### WHAT THE TASK REQUIRES
Below are the records; repeat exactly their lines between the line holding "Flash #80 Comic Book Cover Art by Alan Davis" and the line holding "Multi Angle Cleaning Broom", inclusive, skipping the pictures.

### DATA FOR PROCESSING

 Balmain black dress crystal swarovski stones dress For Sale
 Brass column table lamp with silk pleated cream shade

---

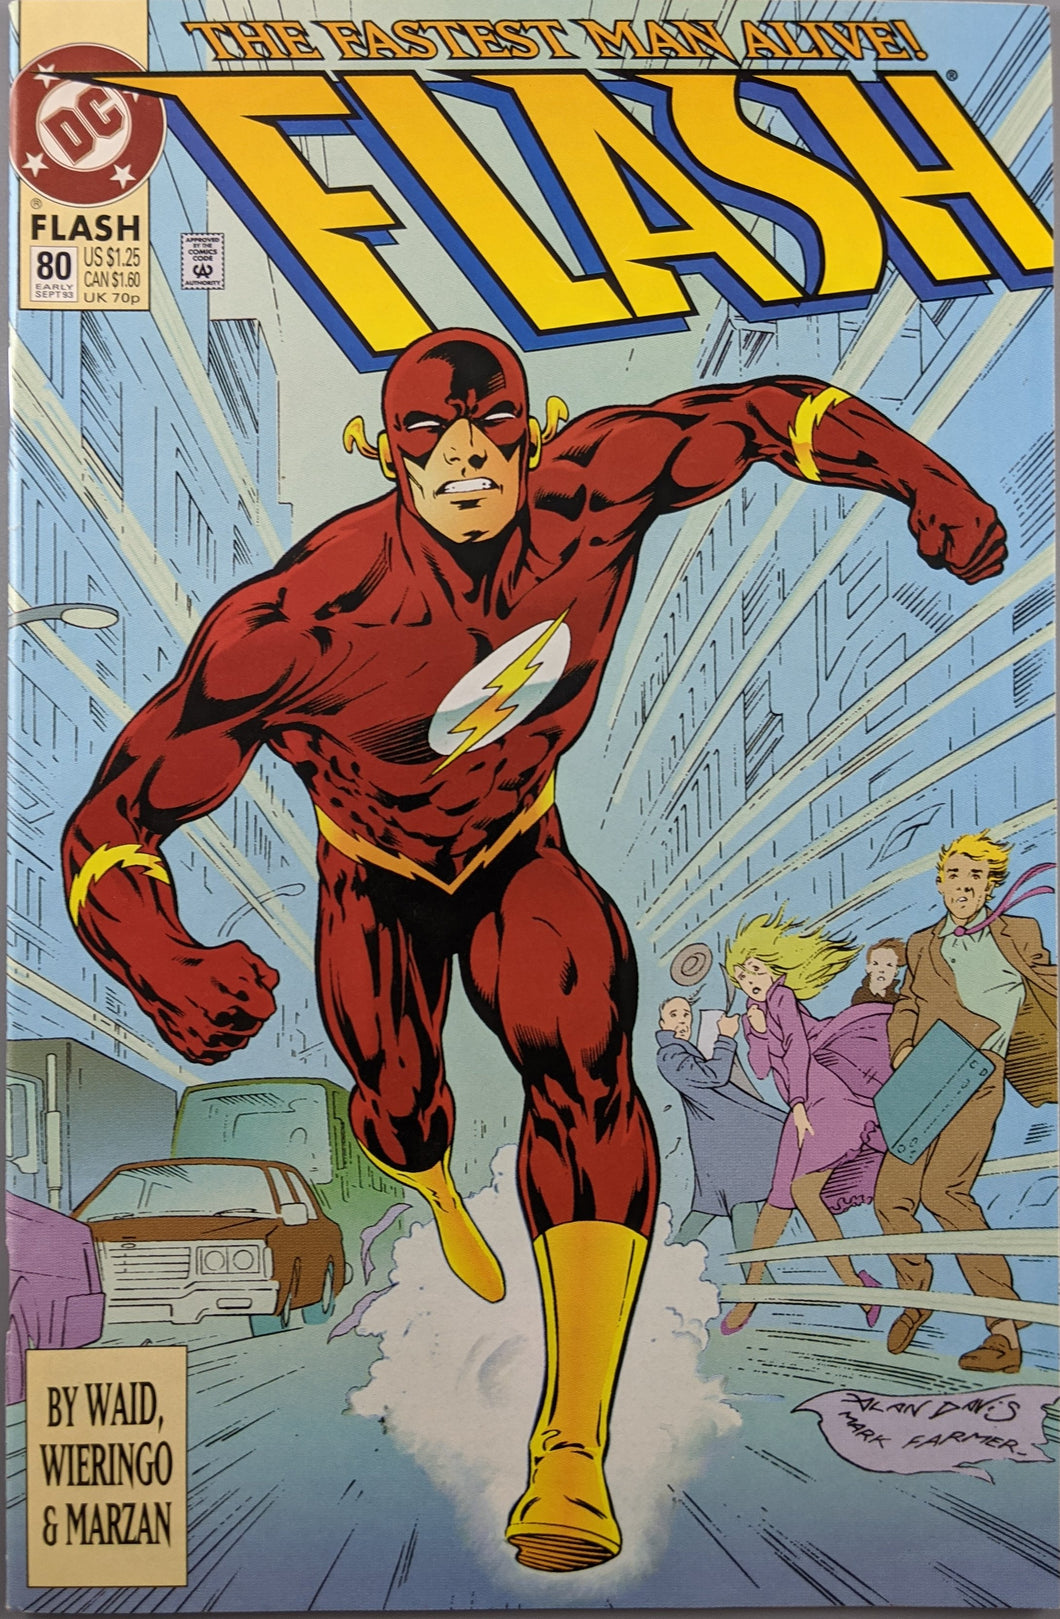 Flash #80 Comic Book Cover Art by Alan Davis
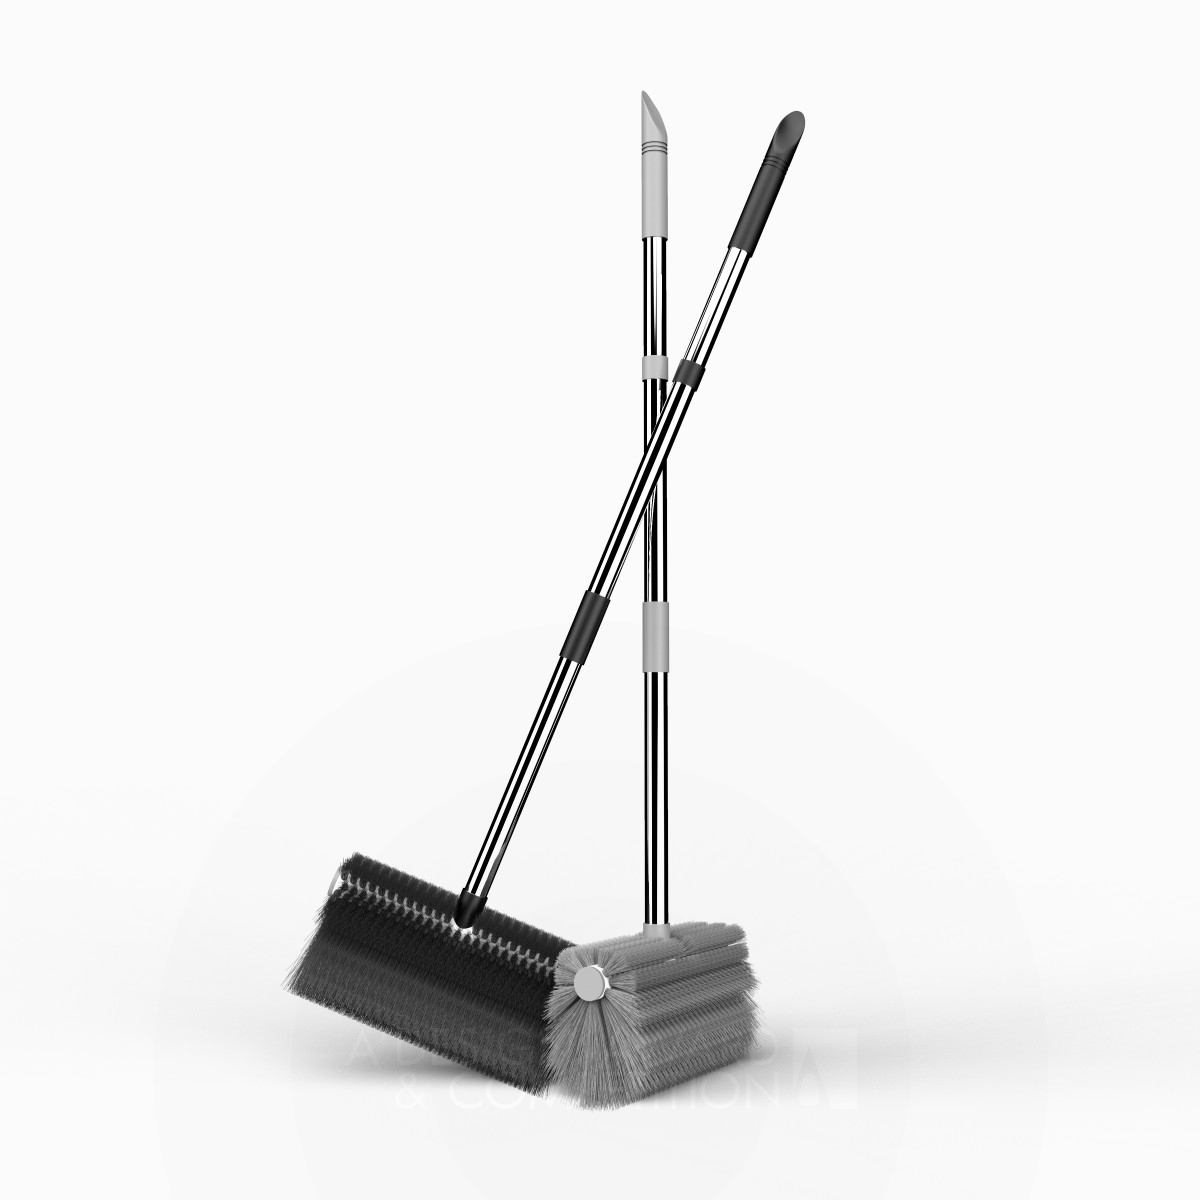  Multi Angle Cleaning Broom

### ANSWER BELOW
 Flash #80 Comic Book Cover Art by Alan Davis
  Multi Angle Cleaning Broom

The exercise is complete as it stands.